• **TASK TO COMPLETE**:
Retype the listing found below exactly, but leave out each picture.

• **PROVIDED DATA**:
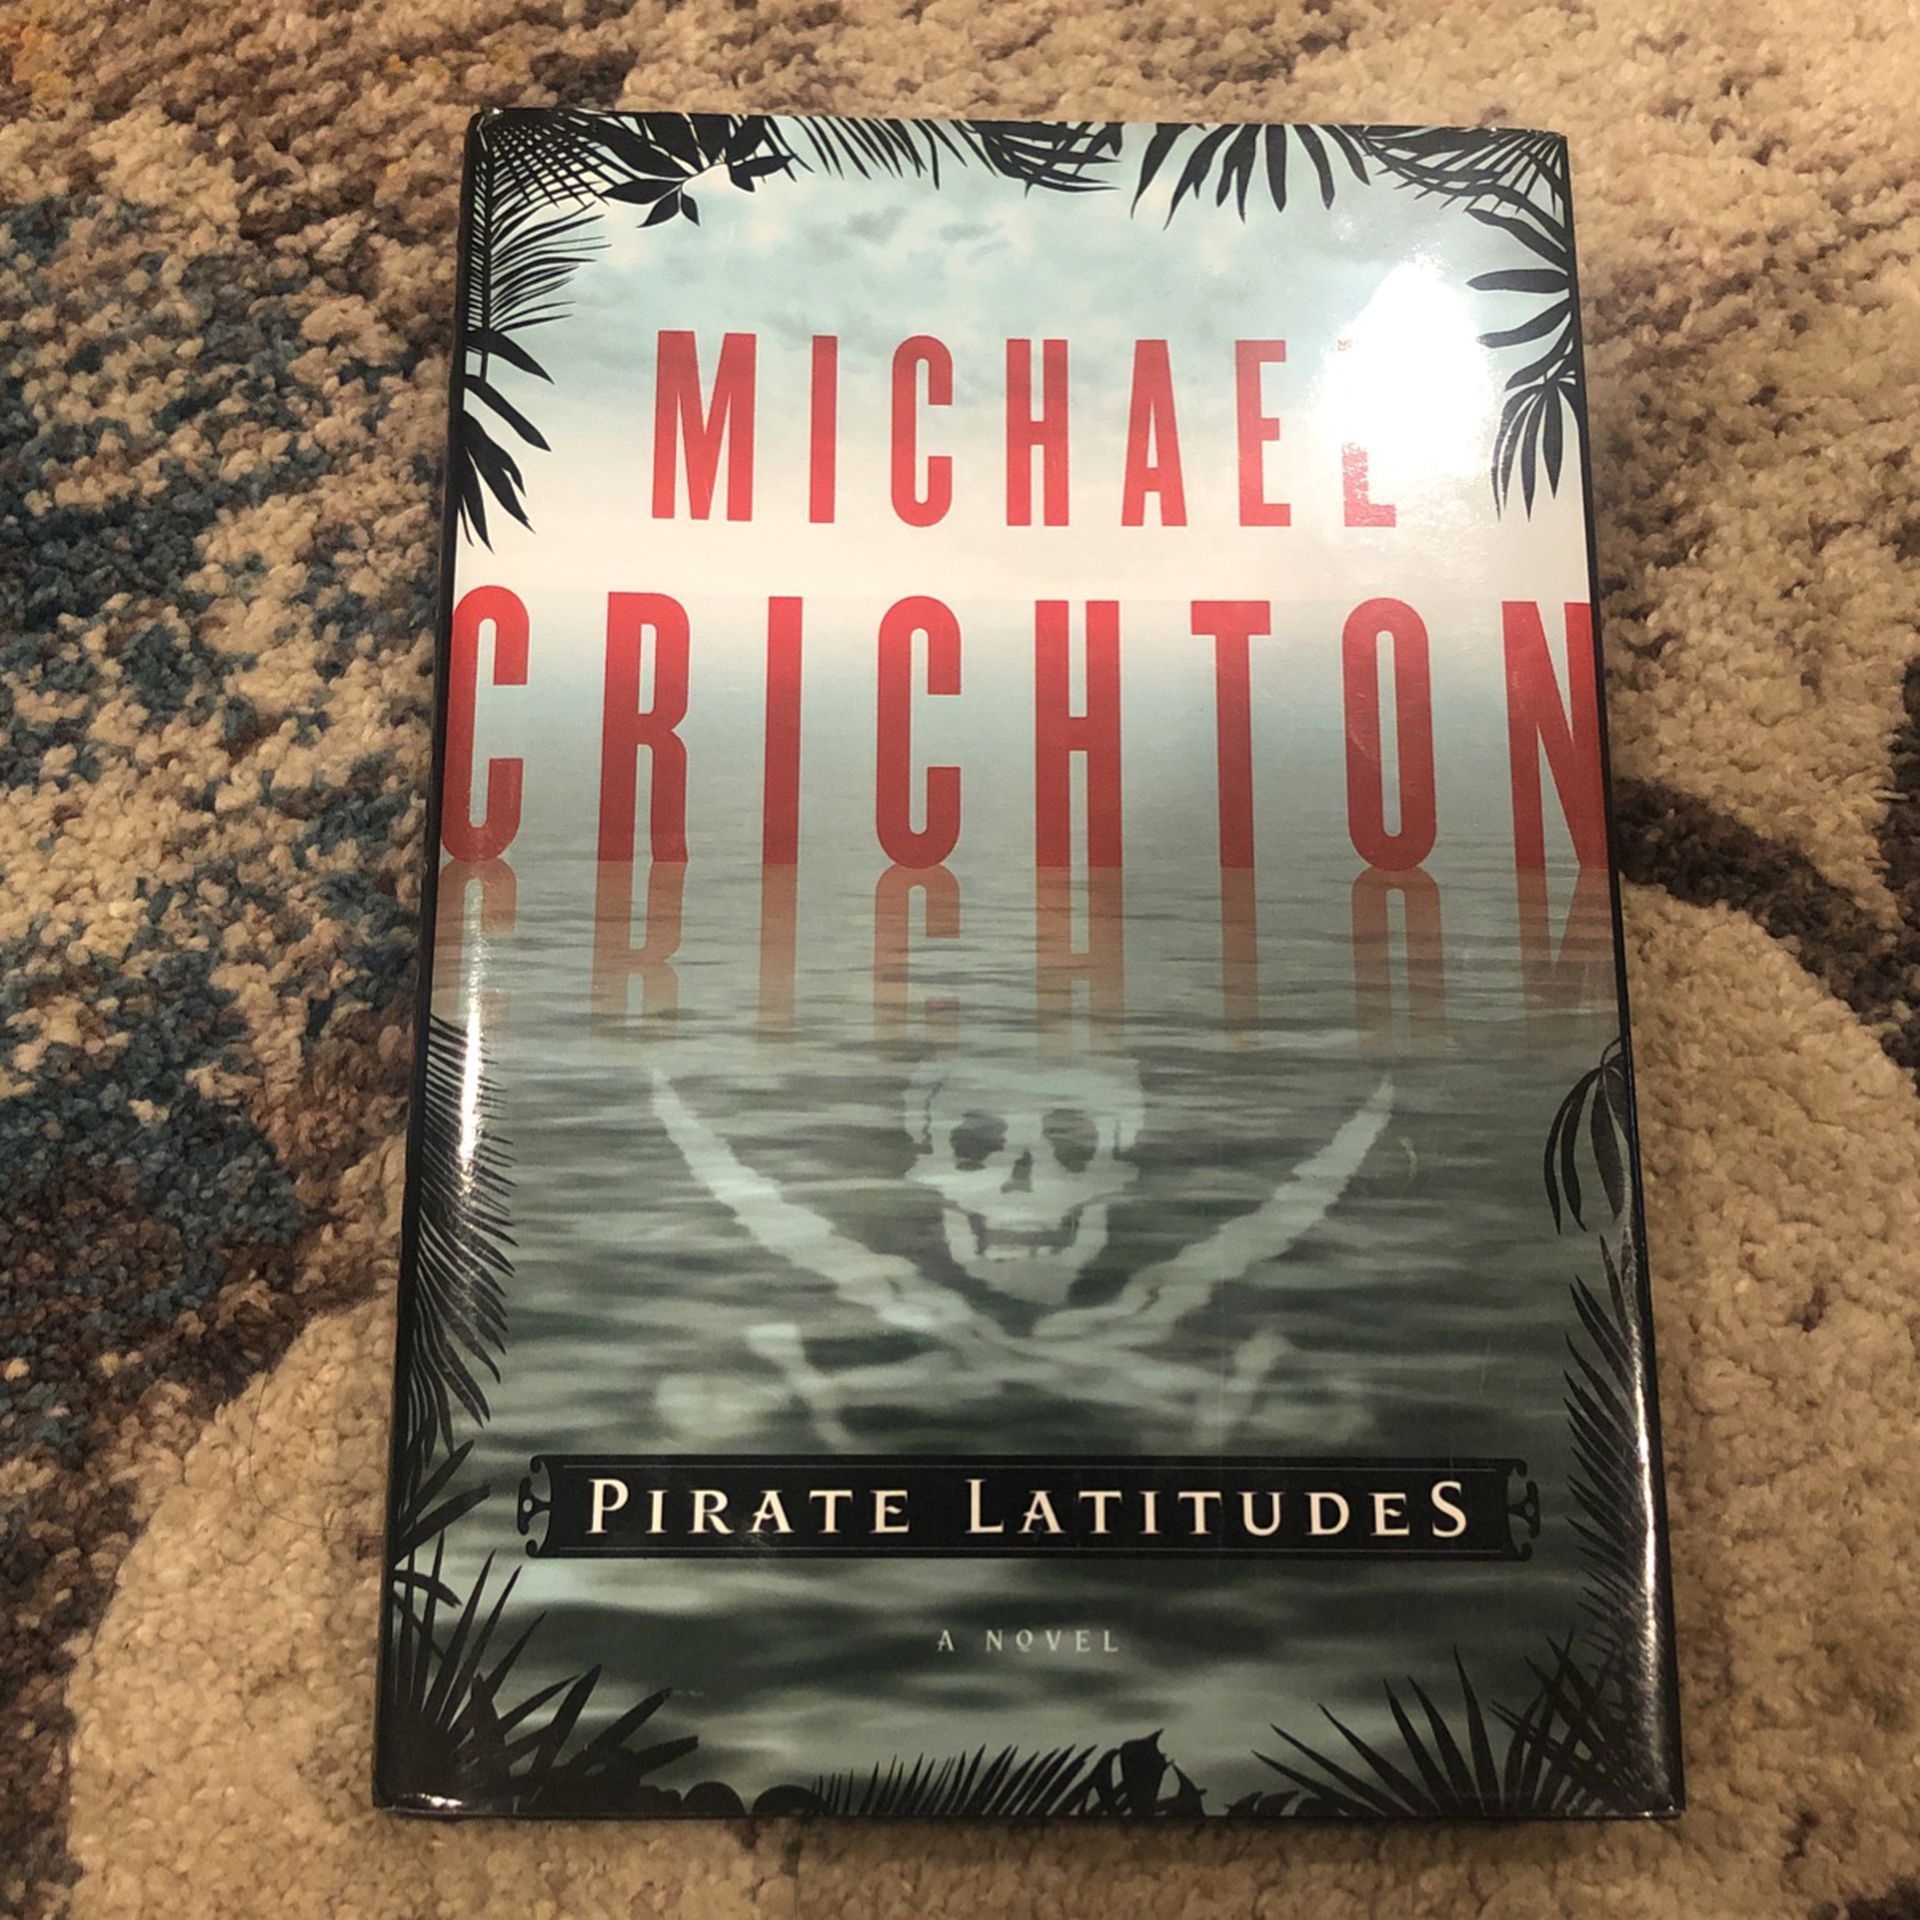 Pirate Latitudes by Michael Crichton 
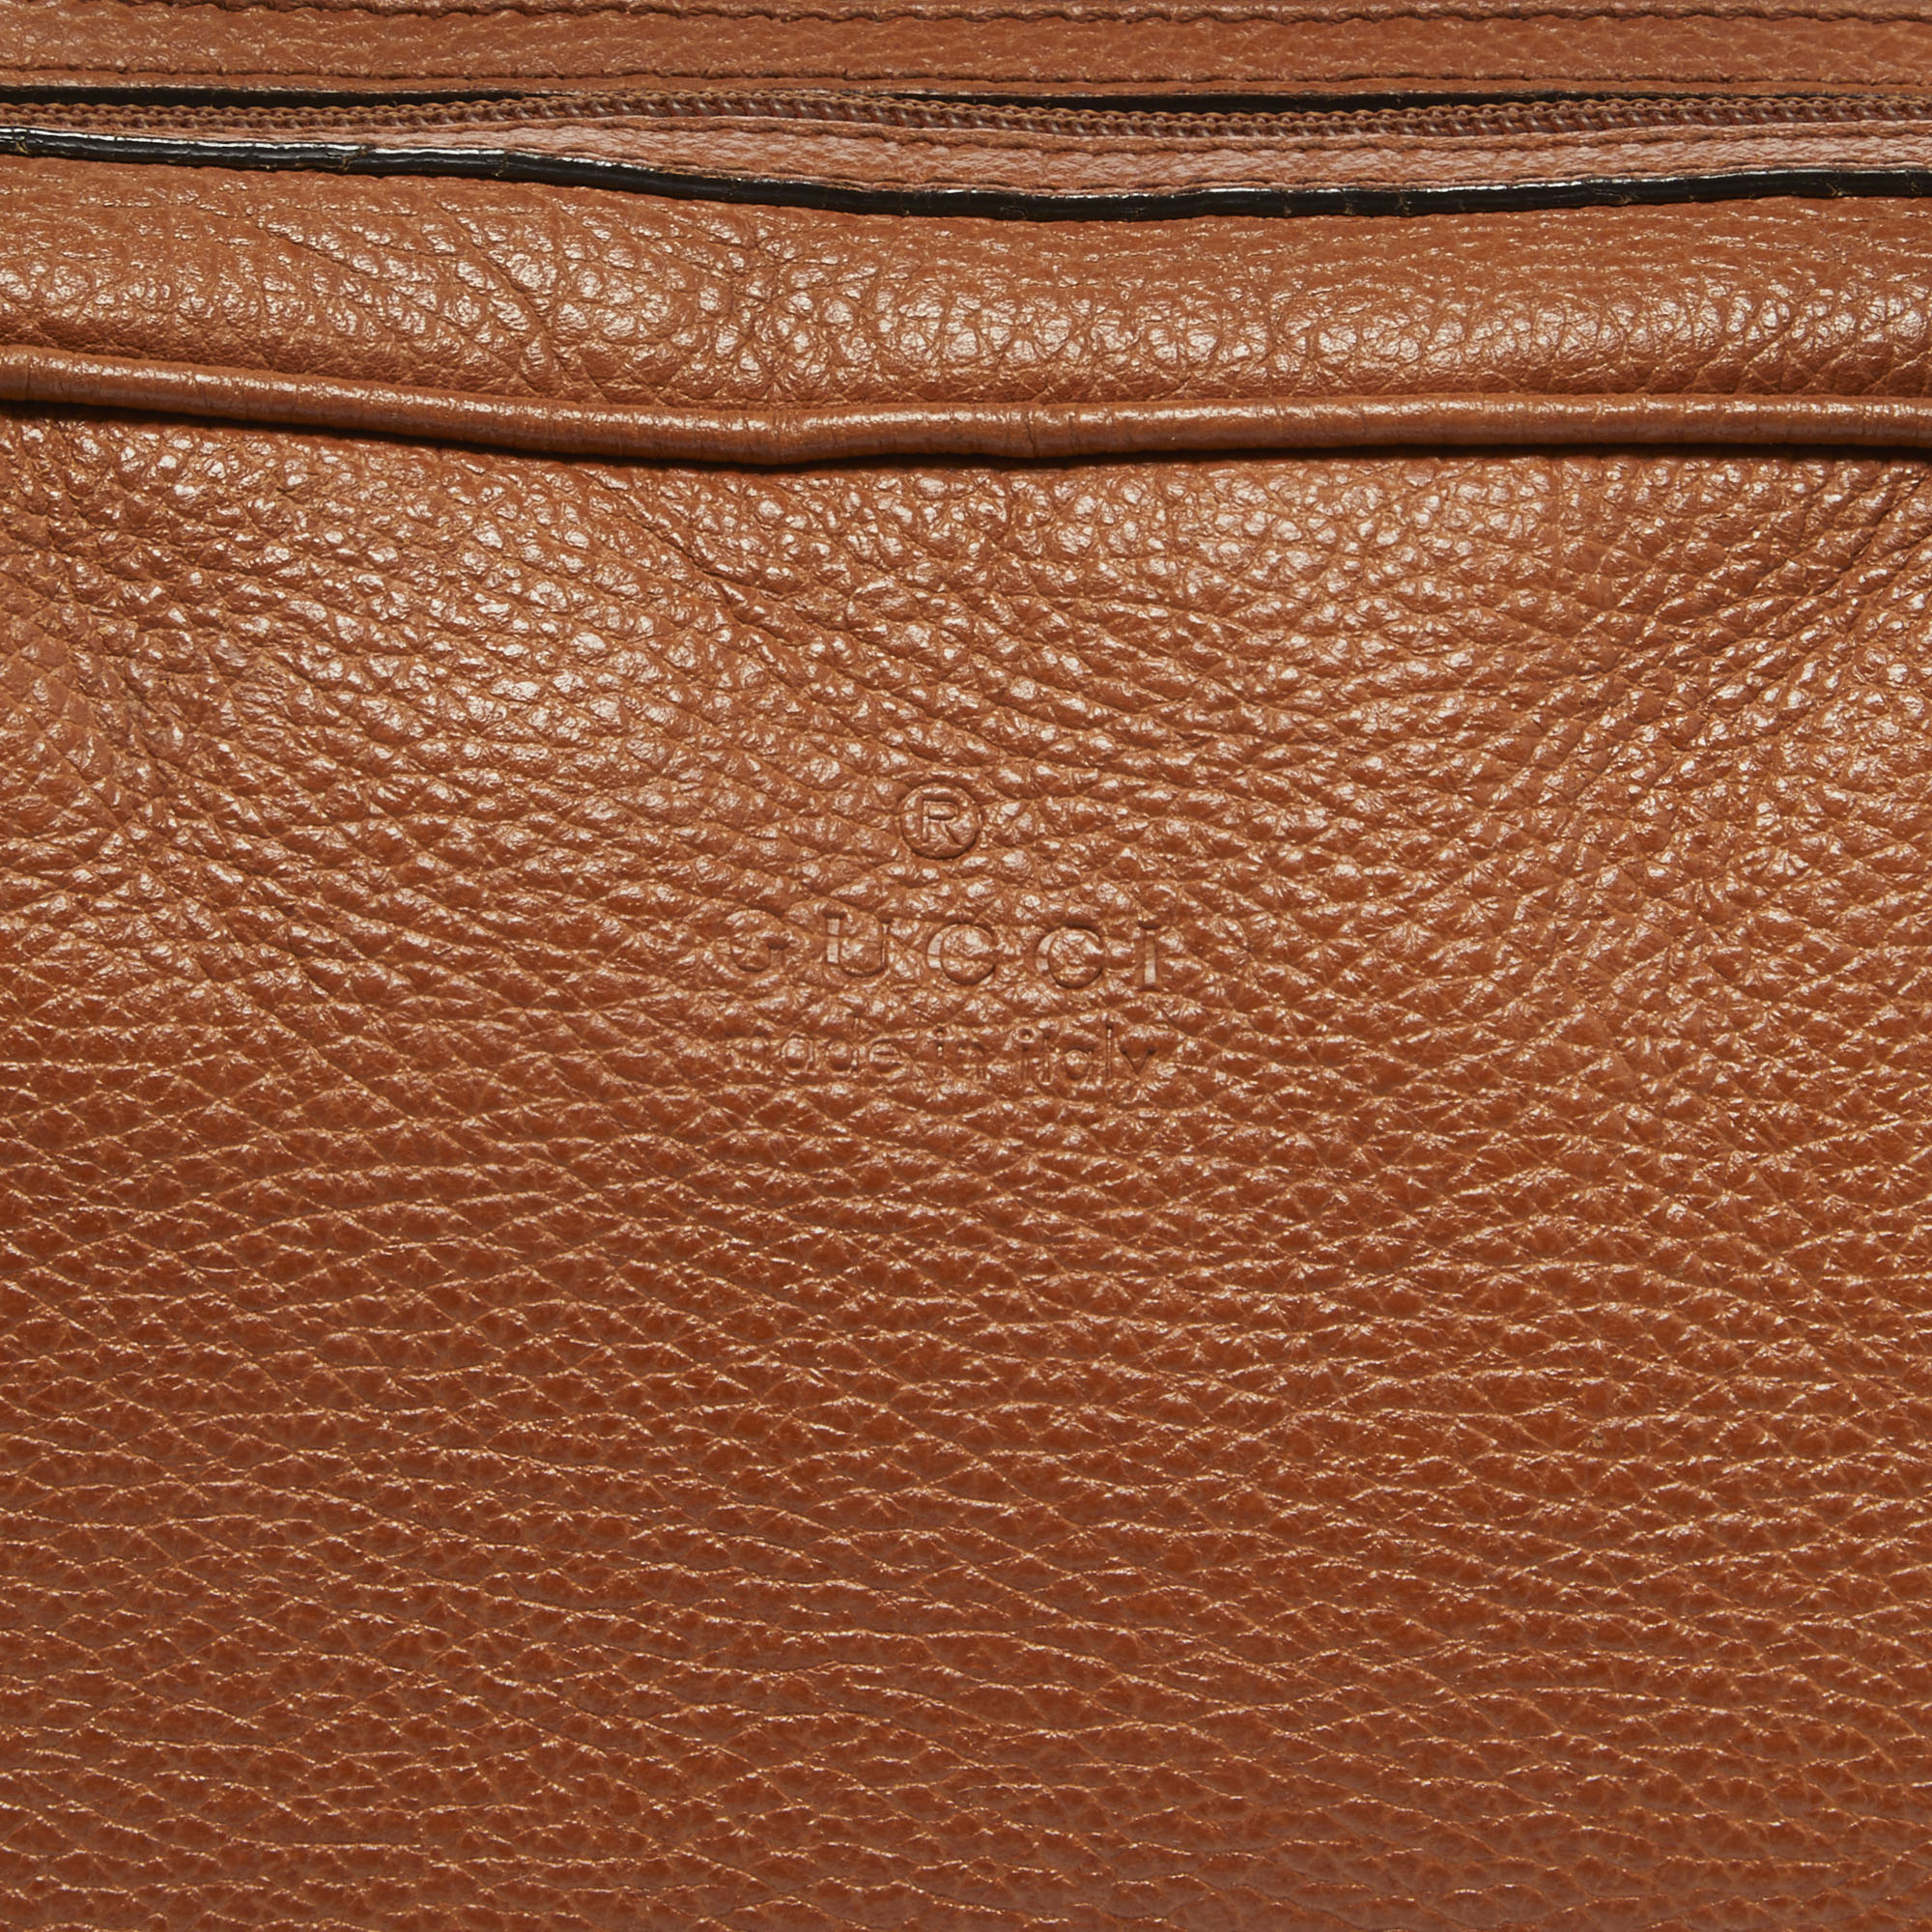 Gucci Brown Leather Princy Boston Bag
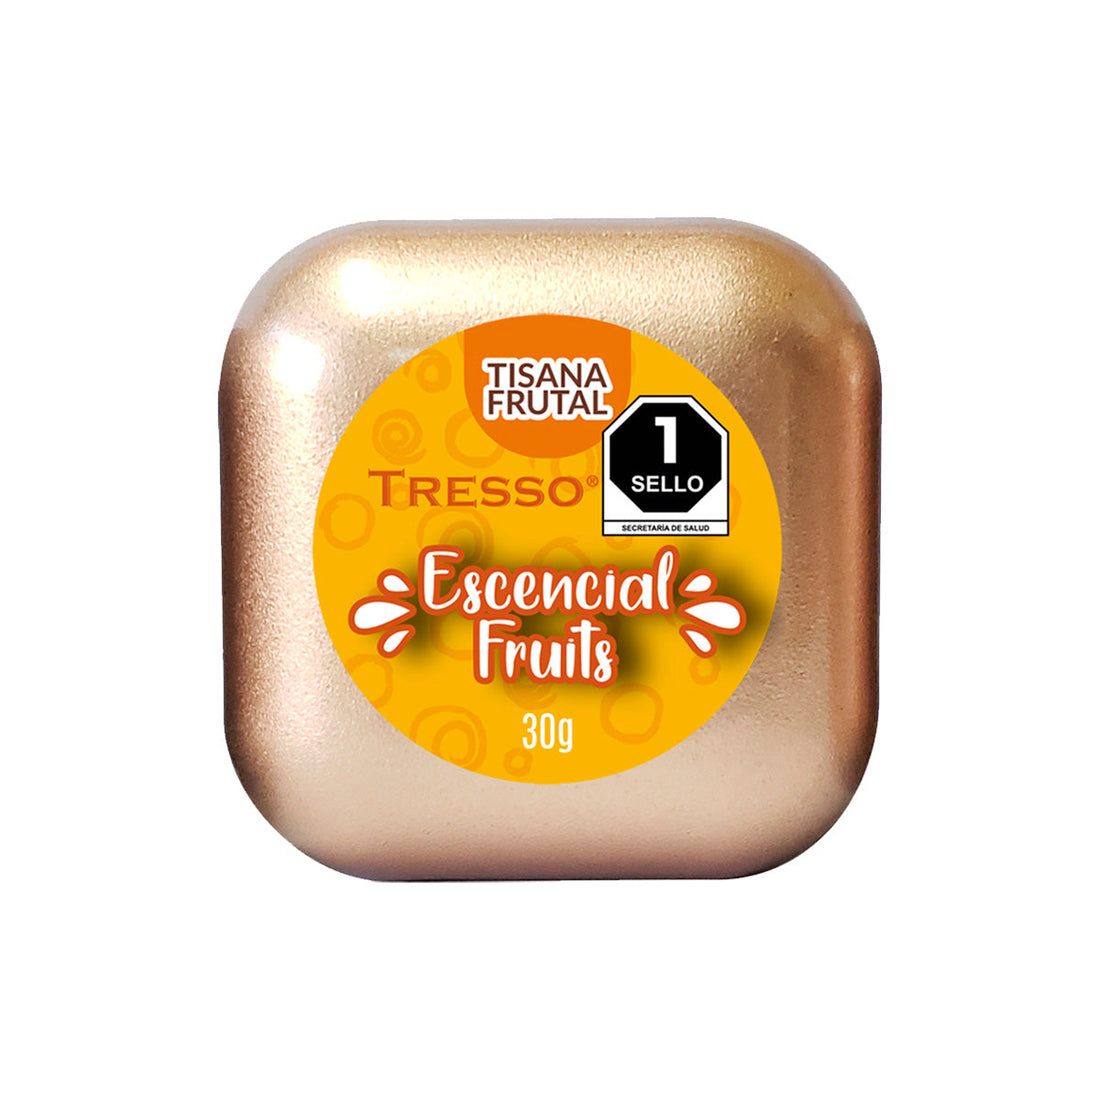 Tisana Frutal: Escencial Fruits 30 G Tisana TRESSO® 30 g

• **TASK OUTPUT**:
 Pirate Latitudes by Michael Crichton 
 Gucci Brown Leather Princy Boston Bag
 Tisana Frutal: Escencial Fruits 30 G Tisana TRESSO® 30 g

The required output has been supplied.